Given information:

*** Begin section ***

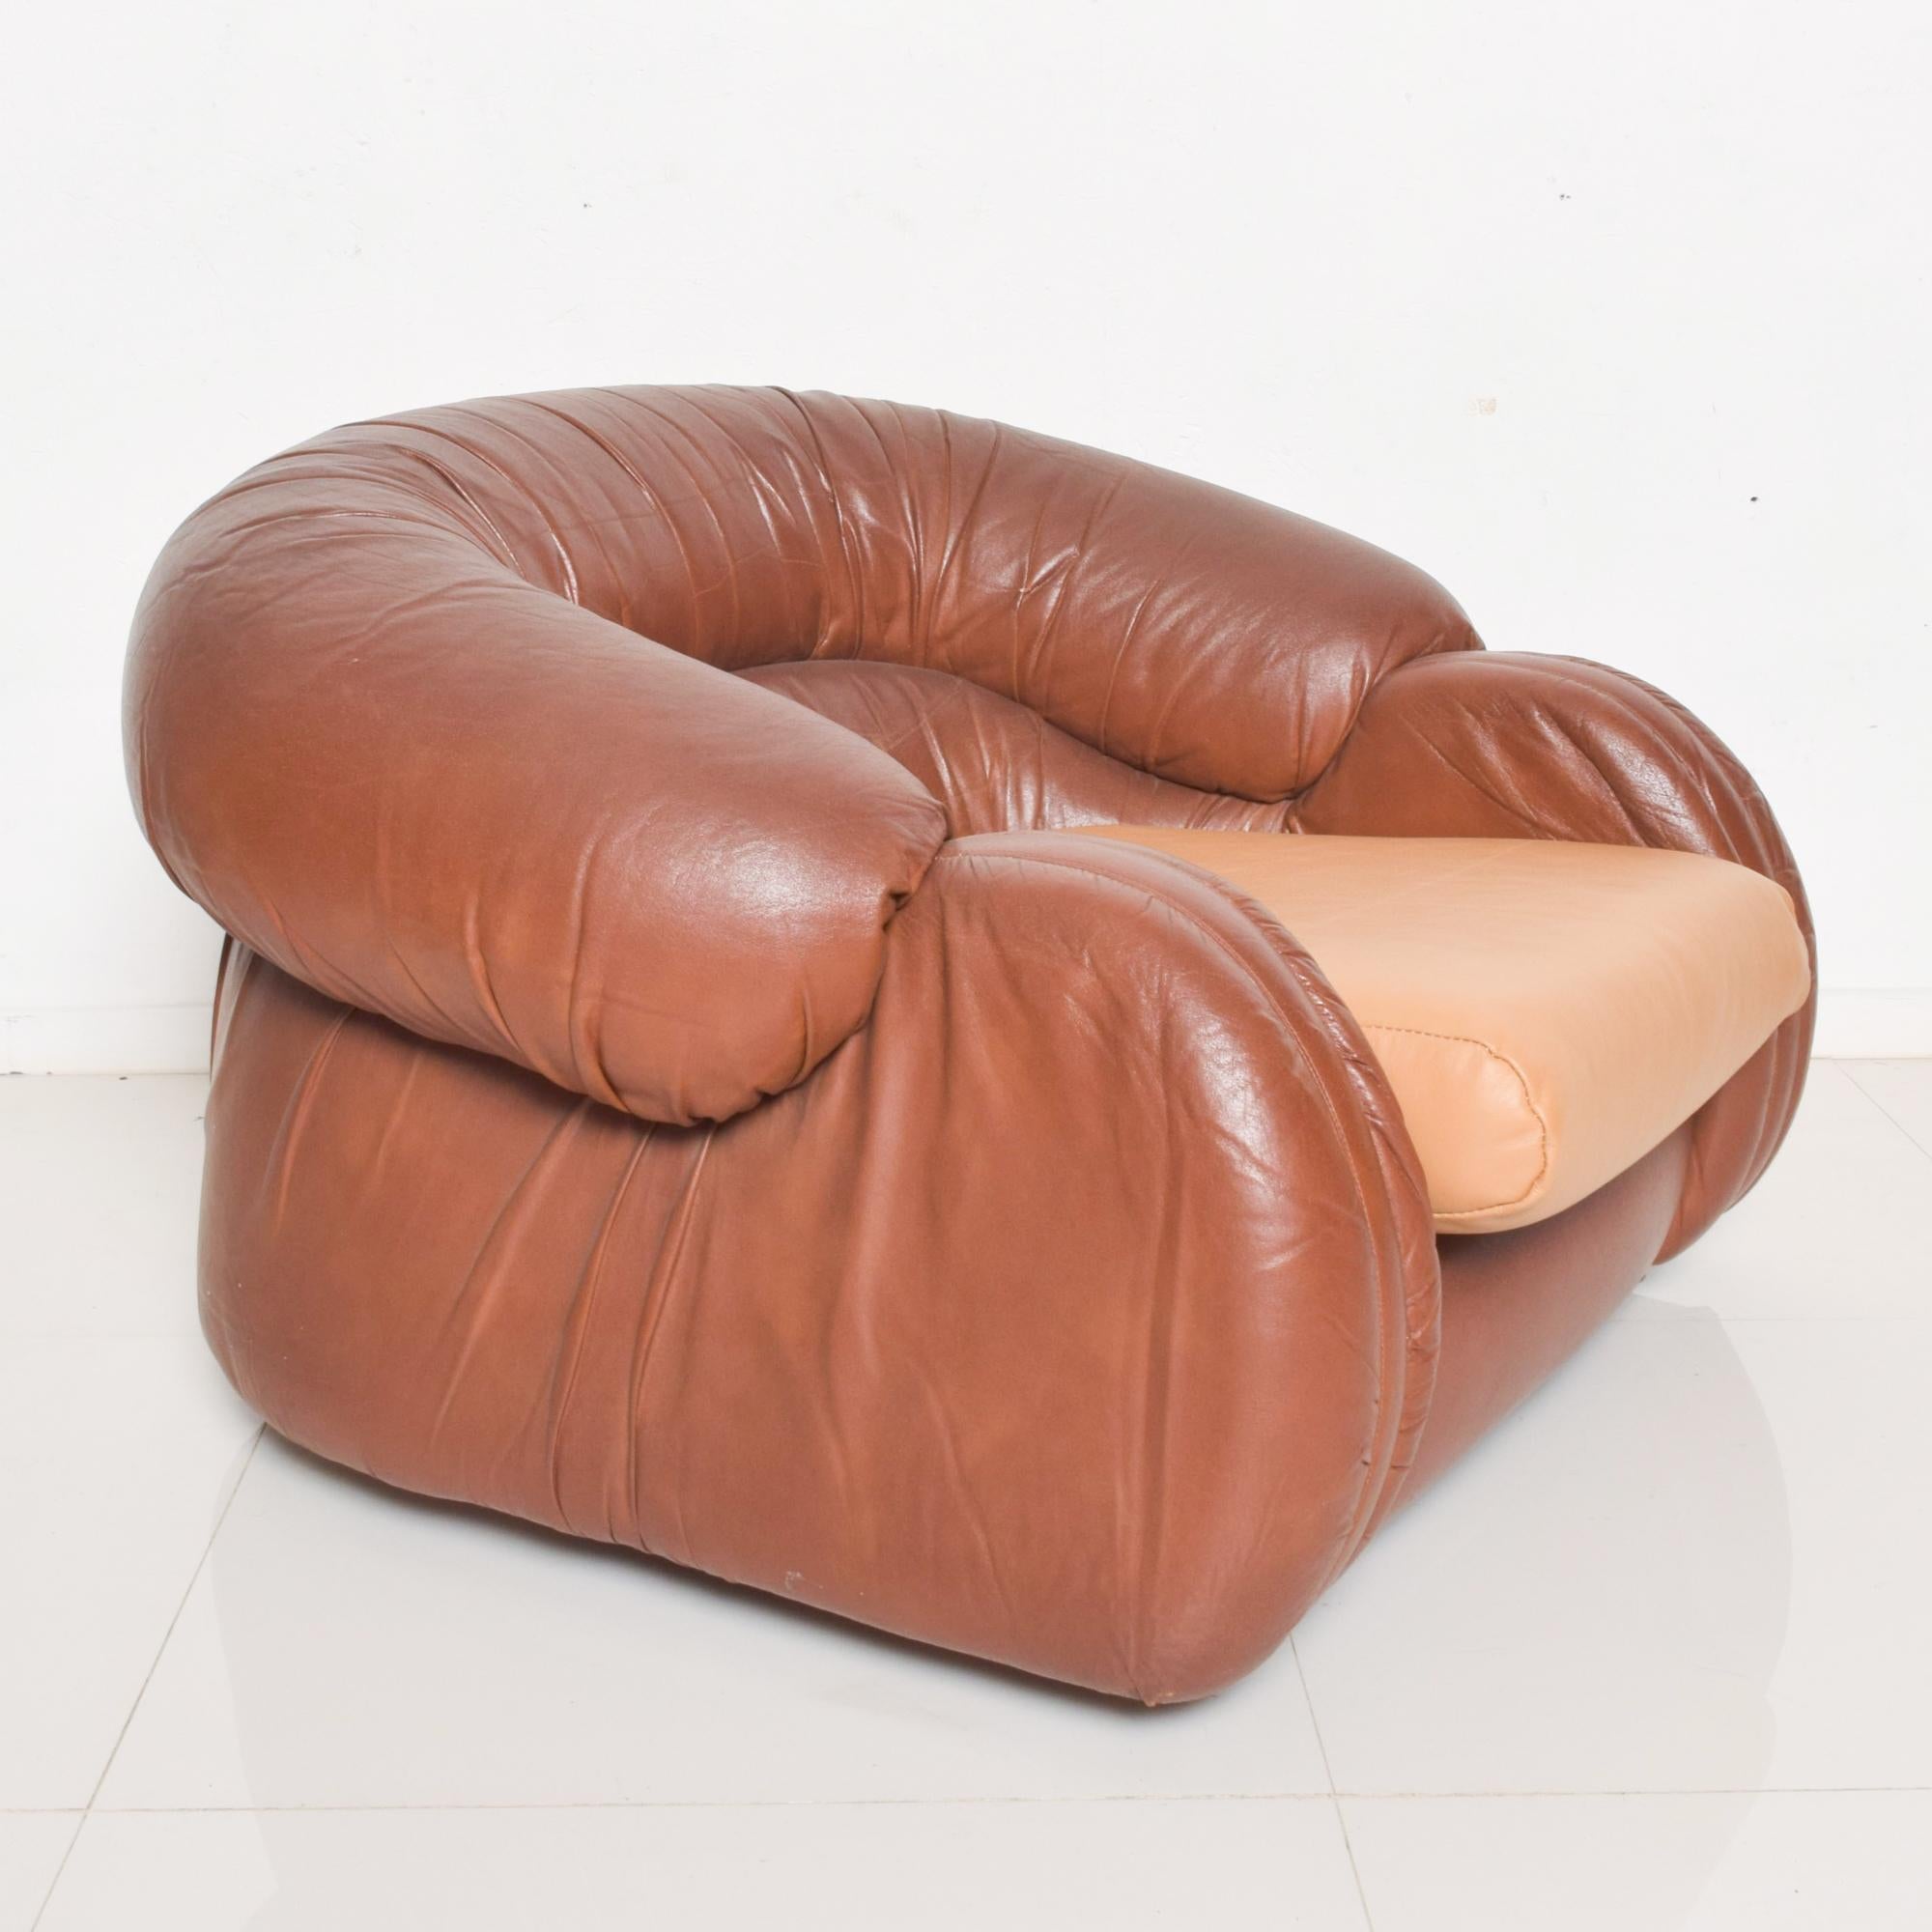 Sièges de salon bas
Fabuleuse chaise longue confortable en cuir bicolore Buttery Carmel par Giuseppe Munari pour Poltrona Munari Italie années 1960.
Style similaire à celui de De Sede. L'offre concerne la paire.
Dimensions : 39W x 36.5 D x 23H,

*** End section ***

Your goal:
Print the listing exactly, minus any pictures.

Solution to the problem:
 Sièges de salon bas
Fabuleuse chaise longue confortable en cuir bicolore Buttery Carmel par Giuseppe Munari pour Poltrona Munari Italie années 1960.
Style similaire à celui de De Sede. L'offre concerne la paire.
Dimensions : 39W x 36.5 D x 23H,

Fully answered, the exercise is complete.